LANL Responds To Defense Nuclear Facilities Safety Reports On Plutonium Facility

Technicians work in the pit manufacturing area of the Laboratory’s plutonium facility located at TA-55. Courtesy/LANL
 
By MAIRE O’NEILL
Los Alamos Daily Post

Los Alamos National Laboratory spokesman Matt Nerzig responded this morning to two recent reports filed by Defense Nuclear Facility Safety Board on-site inspectors at LANL’s Plutonium Facility in May one identifying skin contamination on a craft worker’s hands and the other process deviations.

May 14, a work team declared a potential deviation when the total mass of nuclear material listed for a glovebox was less that the actual amount it contained. The report states that criticality safety personnel determined the glovebox to be safe as the actual material present was in compliance with the limits. The DNFSB report states that the inaccurate mass total was due to negative plutonium value in the location’s account in the nuclear materials controls and accountability system, which resulted in a nonconservative and inaccurate total. It states facility management has directed the use of more detailed inventory listings while corrective actions are pursued with the software used for the process.

May 16, a DNFSB report stated that a craft worker performing an exit survey discovered skin contamination on his hands and that follow-up surveys found contamination on the personal protective equipment of the other crew members. It states that radiological control personnel controlled the room, successfully doffed and decontaminated all impacted individuals and performed follow-up surveys in the work area.

The report indicates that the work crew had been installing clean piping underneath a glovebox and that the most likely source of the contamination spread was from the breach of a contaminated system. Facility management paused all pipefitter work while corrective actions are executed, the report said.

Nerzig said all employees were successfully and thoroughly decontaminated — mostly by washing off the contamination with water.

“None of the workers received any measurable dose, and there was no risk to the public. The facility’s safety systems worked as designed,” he said, adding that the Lab’s work with nuclear materials on behalf of the country is complex, challenging and comes with inherent risks.

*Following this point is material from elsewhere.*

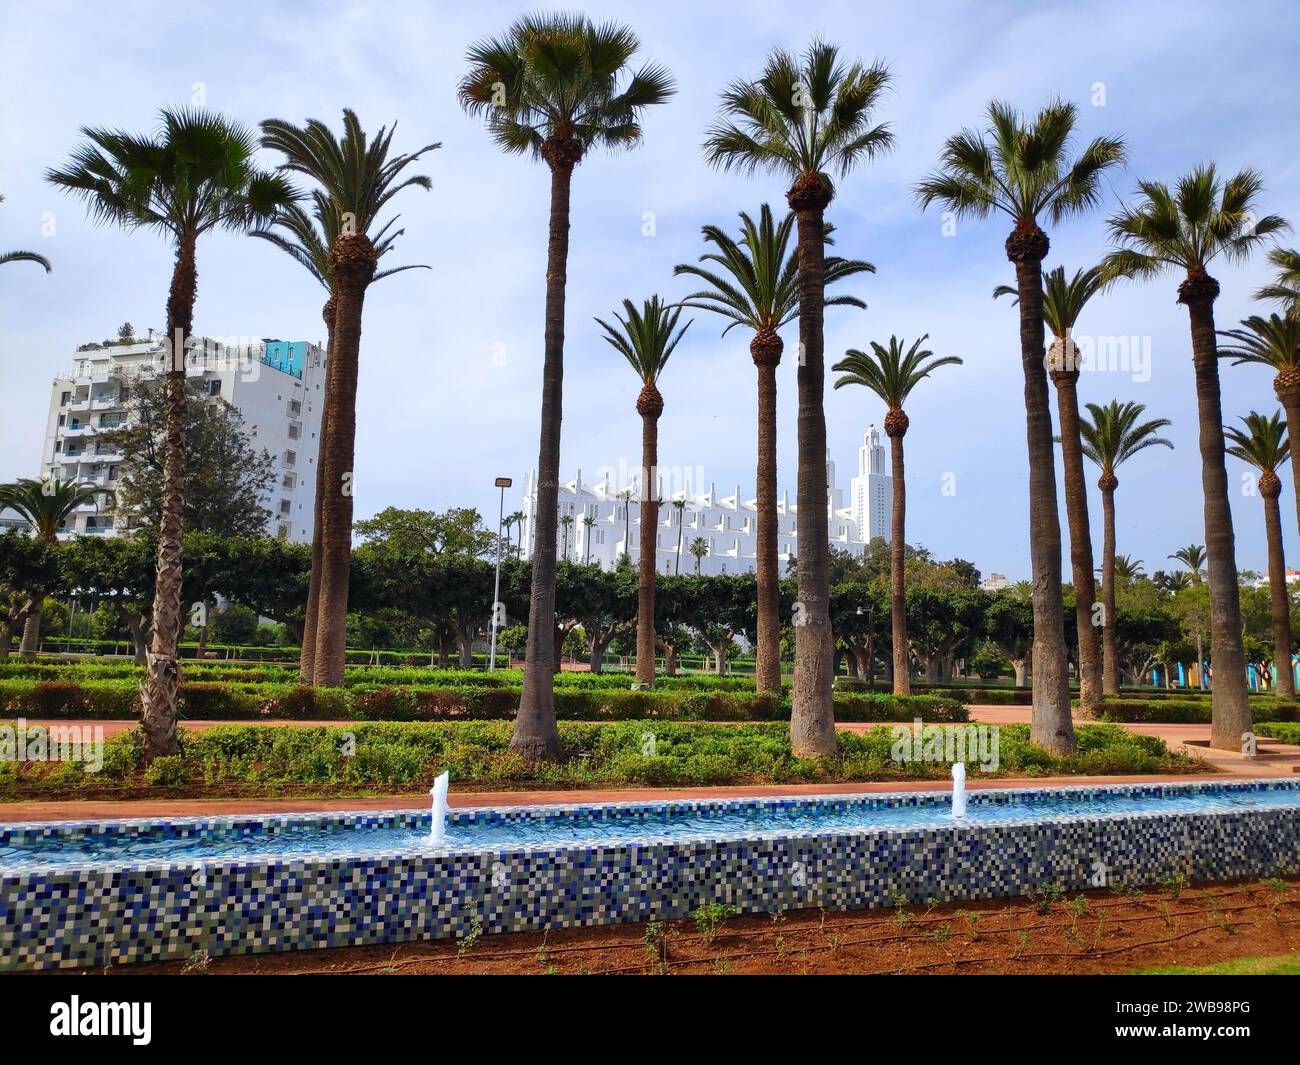 Arab League park in Casablanca, Morocco. Palm trees and fountains. Stock Photo

“The safety systems and procedures in place at the Laboratory’s plutonium facility are designed to greatly reduce the risk to Laboratory employees, the public and the environment, and make it the safest place for this type of work,” Nerzig said.

Earlier in May, the DNFSB report stated that workers placed a container of plutonium salts in a glovebox where the criticality safety posting only allowed plutonium oxide or metal. While later reviewing procedural changes, the report states that the first line manager observed that the location did not permit the salts and initiated the “potential process deviation process”. It states that the workers involved in the event stated that they believed the salts were allowed because they were not explicitly forbidden by the posting. It notes that operations in this particular laboratory room recently underwent two federal readiness assessments and the criticality safety days pause.

The report states that management revoked fissile material handler certification for the work crew involved and is currently conducting oral boards prior to their reauthorization for work as well as broadly assessing fissile material handler training based on “apparent weaknesses exposed by this and other recent conduct of operations events”. It says management and nuclear criticality safety personnel learned that “storage of salts was occurring in this glovebox even though the operation includes a specialized storage box that has allowance for storing salts”. As a result, an effort to map process flows across all glovebox locations that support the pit manufacturing flowsheet was initiated to ensure alignment between operations, criticality safety, and other safety programs, the report states.

Asked about the incident, Nerzig said few process deviations at the Laboratory’s plutonium facility indicate a safety problem or failure, that in most cases, the exact opposite is true.

“Self-reporting is a best practice that we encourage as a sign of a healthy, continuously improving, safety culture,” he said.

He added that the process deviation in this case did not create a criticality safety risk and posed no significant safety risks to workers or the public.

“Criticality safety experts analyzed the introduction of this material form into the glovebox and determined it was safe and stable. The Lab’s self-reporting of such events provides an opportunity to review procedures and, if necessary, refine them to further enhance our wide safety margins,” Nerzig said.

He said the Laboratory’s goal is to identify and control hazards throughout all its functions and appropriately engage workers and management.

“The Lab operates within defined safety envelopes with well understood risks, hazards and controls for each activity – especially those involving nuclear materials,” he said.